The Westmont Observatory between the baseball field and track
The Westmont Observatory between the baseball field and track

Jupiter and Mars will be the focus of this month’s free public viewing of the stars Friday, June 17, beginning about 8:30 p.m. and lasting several hours at the Westmont Observatory. Despite a near-full moon, Westmont’s Keck Telescope, a 24-inch F/8 Cassegrain reflecting instrument with Ritchey-Chretien optics, will zoom in on Jupiter, which will be about 40 degrees above the horizon.
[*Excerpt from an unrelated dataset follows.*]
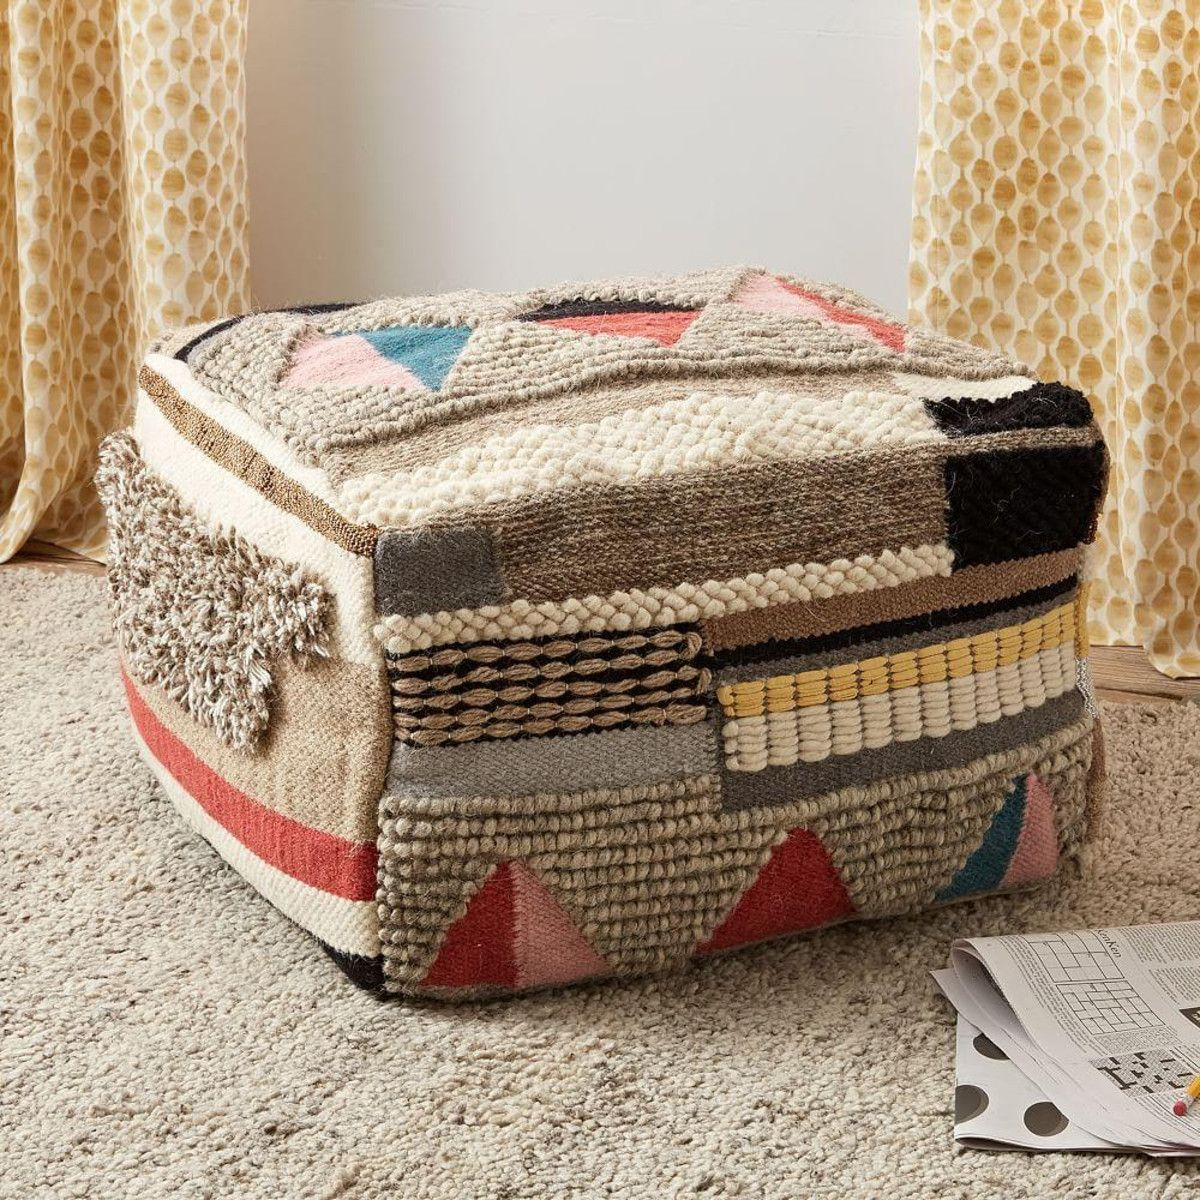 Boho Wool Pouf | WEAVESPO | Pinterest | Room ideas, Ottomans and Room

“If the sky is clear, we should be able to glean some details on the face of this giant gas ball,” says Thomas Whittemore, Westmont physics instructor. “The four Galilean moons of Jupiter should be easily seen tonight.  Maybe we will glimpse a couple more moons with Westmont’s 8-inch refractor telescope too.”

Mars, which is about a month past opposition when the viewing of the Red Planet is optimal, has been in retrograde motion, moving from left to right in the sky in Libra. “This places Mars a bit higher in the sky at viewing time than it was last month,” Whittemore says. “But it’s still quite low and susceptible to atmospheric turbulence.  This will affect the details we might normally be able to discern through Westmont’s refractor.”

Whittemore will turn a telescope toward some stellar objects away from the near-full moon.  “Among these are the beautiful double star, Regulus, the easily-split pair in Leo, and two wonderful globular clusters, Messier 13 and Messier 3,” he says. “These balls of stars will be nicely positioned during the public outreach.”

The Keck Telescope, one of the most powerful on California’s Central Coast, is available to the public every third Friday of the month at the observatory in conjunction with the Santa Barbara Astronomical Unit, whose members bring their own telescopes to the college for the public to gaze through.